Din Syamsuddin, chairman of the MUI Advisory Board, expressed concern that the attacks seemed to be orchestrated.
“It seems that from December until now is the season for lunatics to appear,” he said.
On Feb. 18, a statue in a Hindu temple in Lumajang, East Java, was vandalized by an unidentified perpetrator, while on the same day in Lamongan, also in East Java, a man attacked a cleric who heads an Islamic boarding school managed by Muhammaddiyah, Indonesia’s second-largest Muslim organization.
A man tried to vandalize a mosque in Tuban, East Java, on Feb. 13, and two days earlier a sword-wielding attacker injured a German priest, a policeman and two churchgoers as the priest was leading Sunday mass at St. Lidwina church in Yogyakarta.
Two similar attacks also took place in West Java where a Muslim cleric died after he was attacked in his house in early February. Another cleric affiliated with Indonesia’s largest Muslim organization, Nahdlatul Ulama, was attacked after morning prayers in late January this year.

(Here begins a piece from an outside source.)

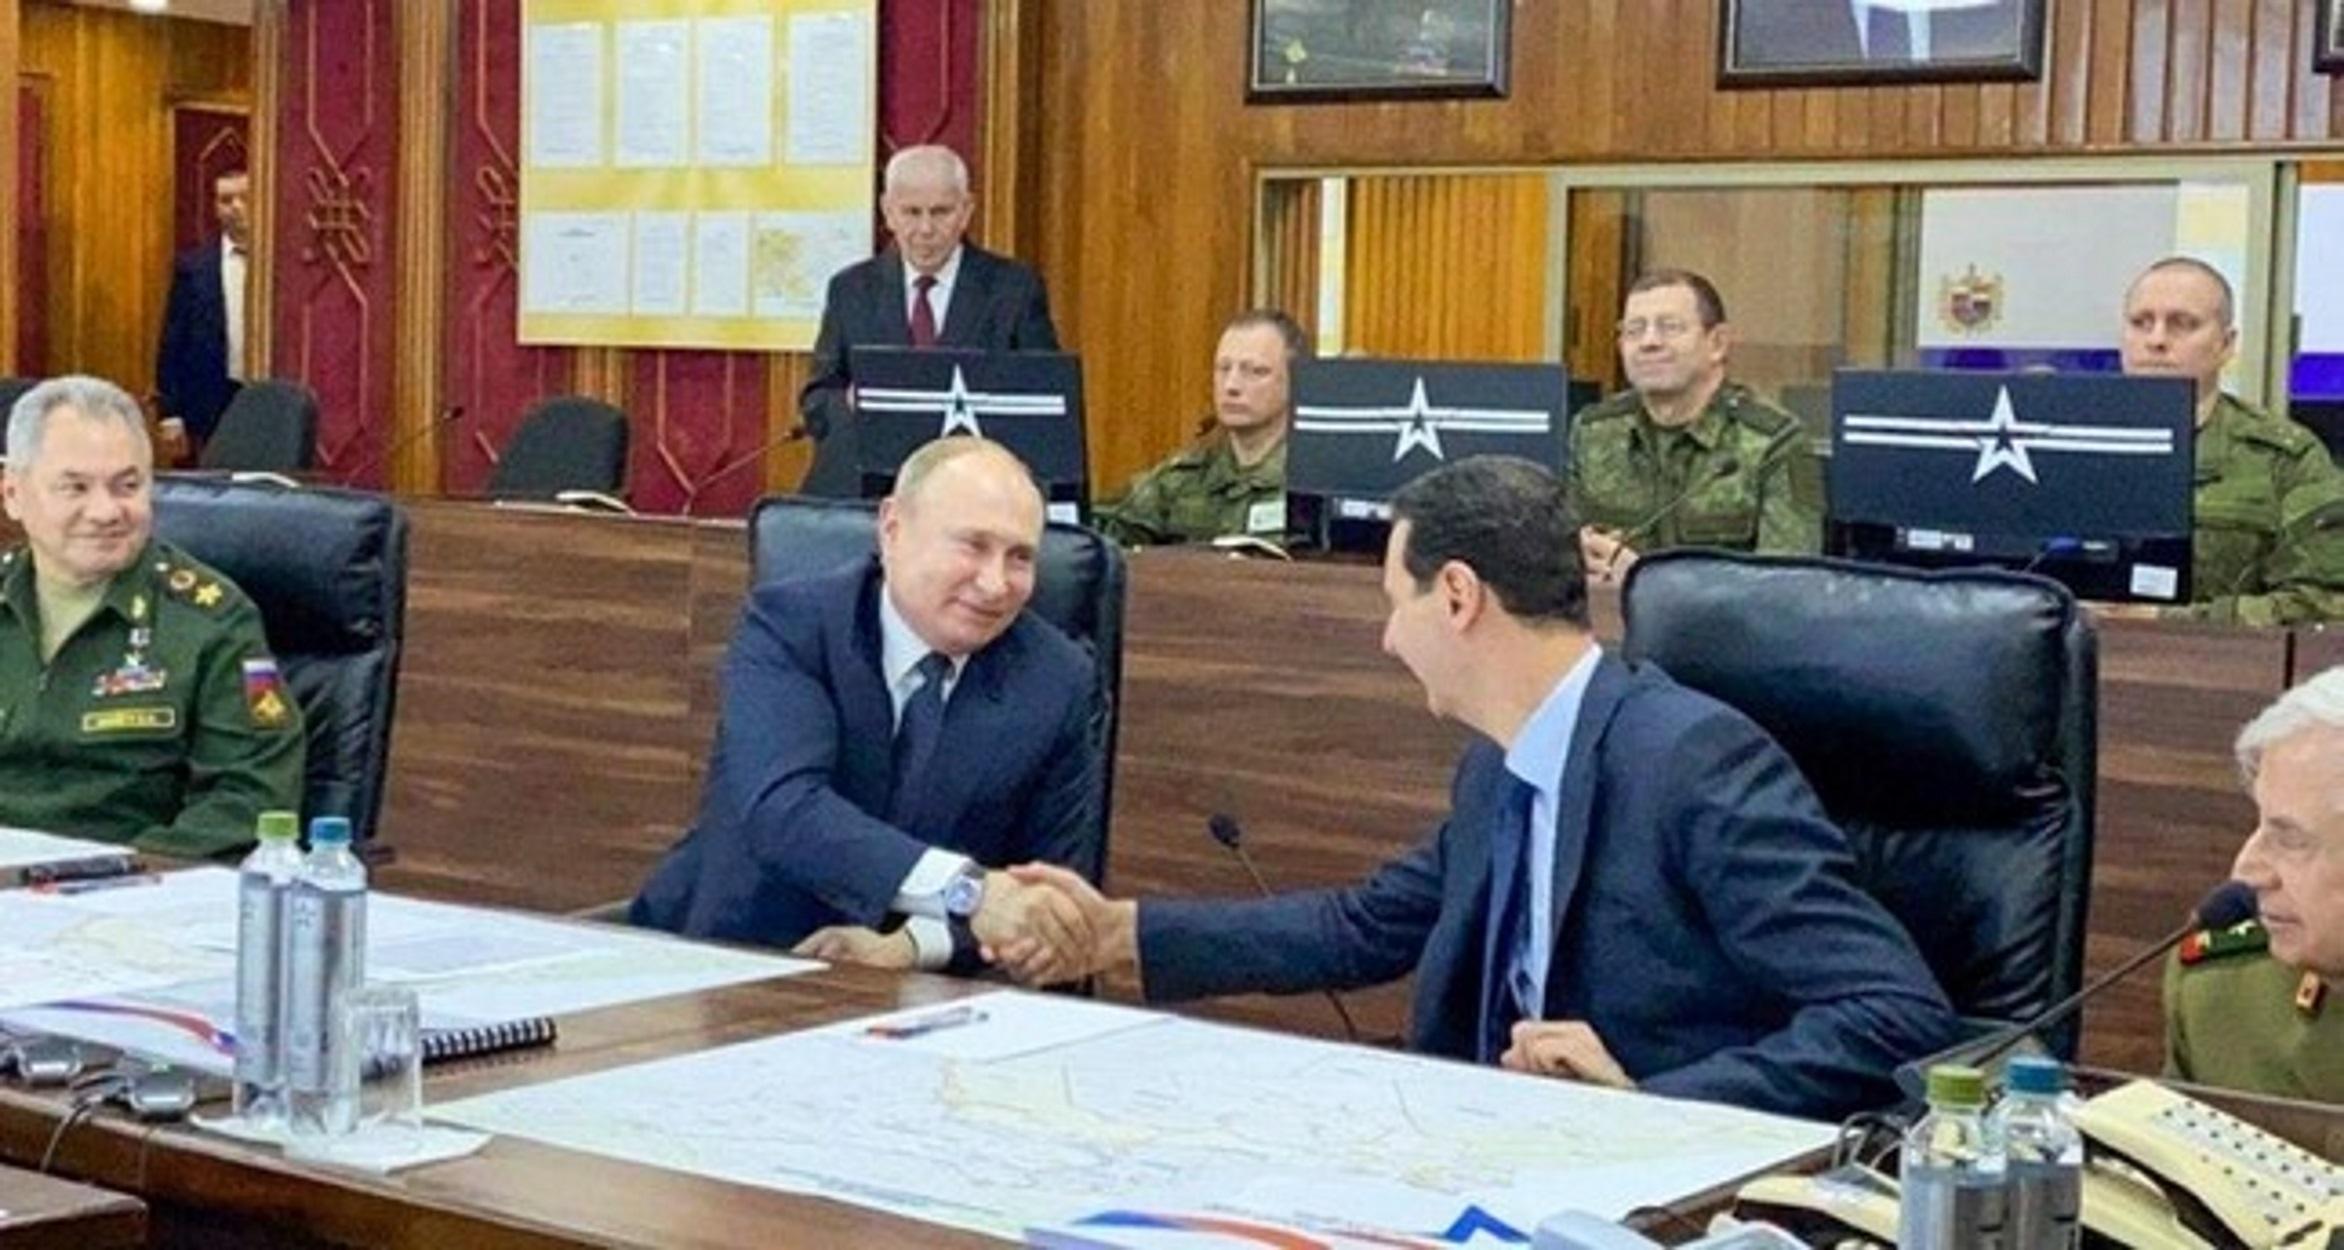 Συνάντηση Πούτιν με Άσαντ στο Κρεμλίνο – Τι συζήτησαν για την Συρία

During the MUI meeting, chief detective Commander Gen. Ari Dono Sukmanto dismissed the idea that the attacks were orchestrated or religiously motivated, calling them “purely criminal.” But he did acknowledge that police had been premature in labeling some of the perpetrators as mentally disturbed.
“It triggered public confusion, and on behalf of our institution I apologize that some of us jumped the gun,” he said, adding that police are now investigating five suspects for allegedly spreading fake news about the incidents.